8. The method according to claim 7, wherein the pressing block includes a pressing body and a plurality of elastic pressing portions provided on the pressing body, the avoiding areas being provided between the elastic pressing portions;

the adhesive welding strip method comprises the following steps: transferring the pressing block to the second surface of the first battery piece, so that the glue point on the second surface is positioned between the elastic pressing parts; the elastic pressing part presses the second welding strip or/and the first battery piece;

transferring the other pressing block to the second surface of the second battery piece, so that the glue point on the second surface is positioned between the elastic pressing parts; and the elastic pressing part presses the welding strip or/and the second battery piece.

9. The method of bonding adhesive tape according to claim 8, wherein a first magnetic member is provided on the pressing body, and a second magnetic member corresponding to the first magnetic member is provided on the base plate;

the adhesive welding strip method comprises the following steps: and when the pressing block is transferred to the second surface of the first battery piece or the second battery piece, the pressing block is magnetically connected with the bottom plate.

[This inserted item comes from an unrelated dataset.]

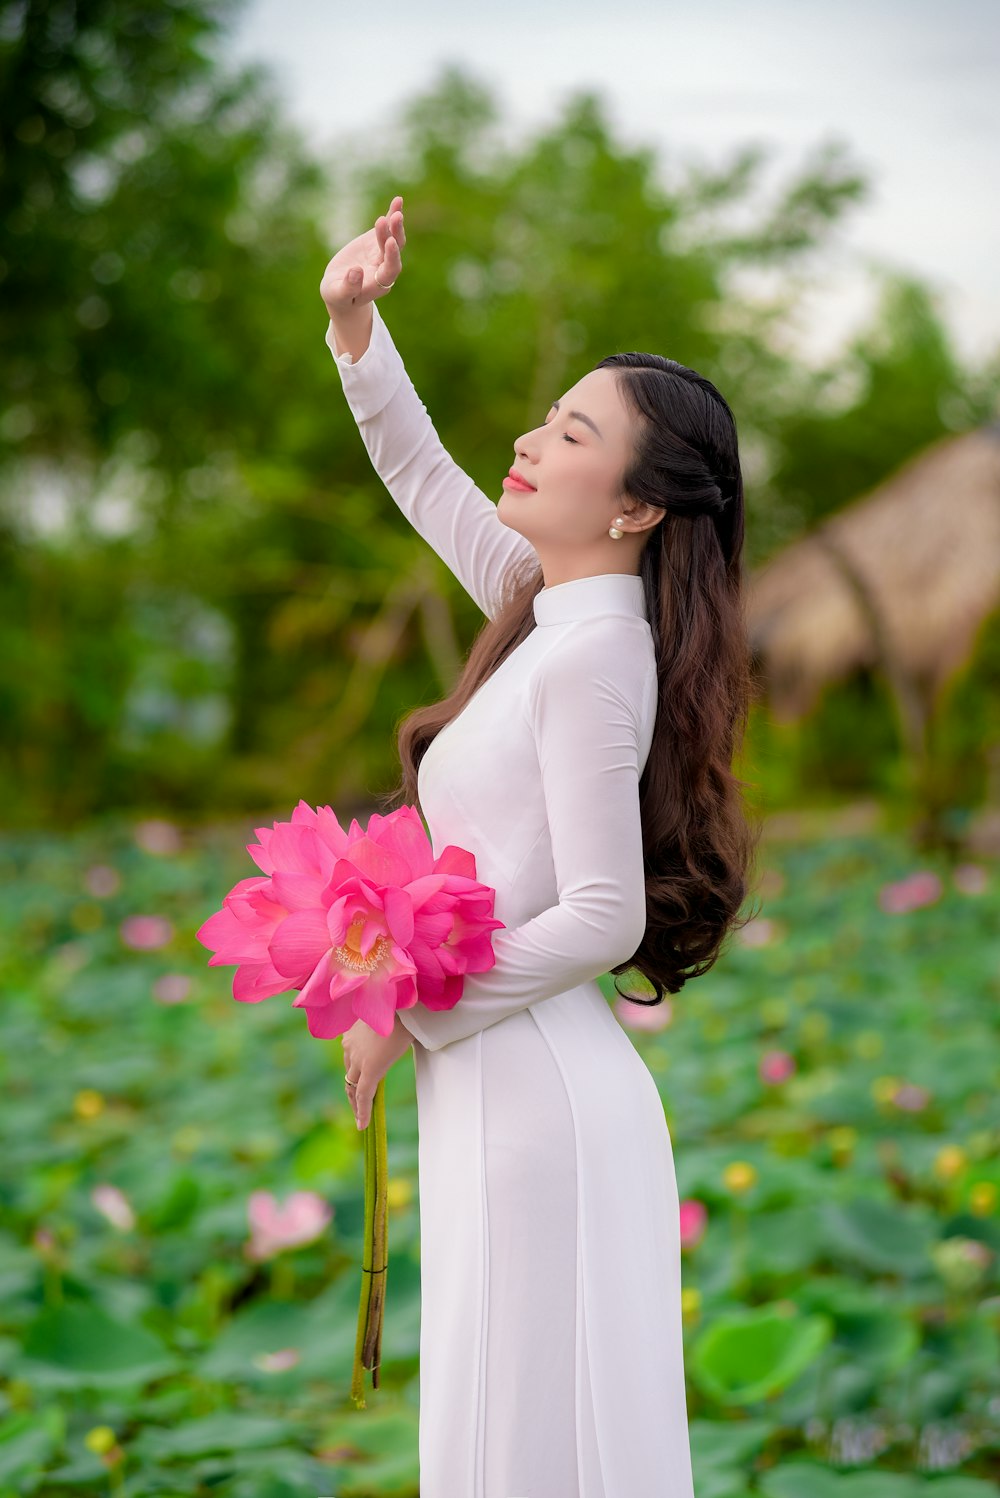 mulher no vestido branco da manga comprida que segura as flores cor-de-rosa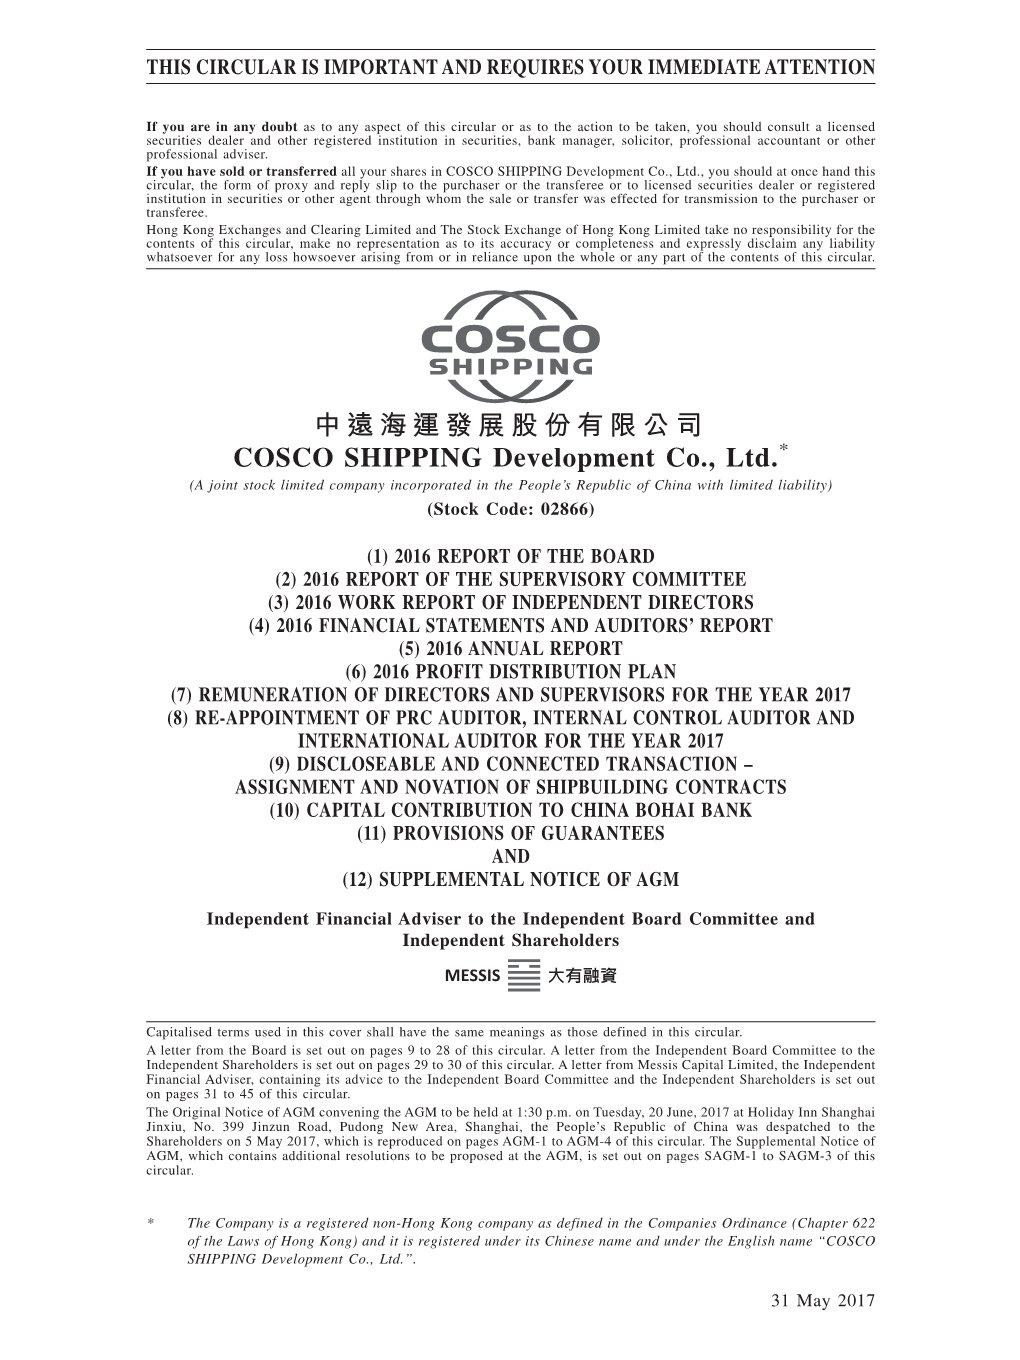 中遠海運發展股份有限公司 COSCO SHIPPING Development Co., Ltd.*

10. The adhesive bonding tape method according to claim 8, wherein the pressing body is fixed by a lifting device and the pressing body is located above the conveyor belt;

the adhesive welding strip method comprises the following steps:

after the second welding strip is placed, the lifting device controls the pressing main body to descend, so that the elastic pressing part presses the second welding strip, and then the lifting device controls the pressing main body to ascend;

after the third welding strip is placed, the lifting device controls the pressing body to descend, the elastic pressing part presses the third welding strip, and then the lifting device controls the pressing body to ascend.

11. The method of bonding adhesive tape according to any one of claims 4 to 6, wherein the solidifying means is a heating means, the base plate has a preheating zone, a solidifying zone, and a cooling zone, and the heating means is provided in each of the preheating zone, the solidifying zone, and the cooling zone;

the adhesive welding strip method comprises the following steps: firstly, placing the battery piece in the preheating area, then conveying the battery piece to the solidifying area for solidifying the glue points, and then conveying the battery piece to the cooling area for gradually cooling the battery piece; wherein the heating temperature of the heating device at the preheating zone is lower than the curing temperature of the glue sites; the heating temperature of the heating device at the curing area is the curing temperature of the glue sites; the heating temperature of the heating device at the cooling area is lower than the solidification temperature of the glue sites.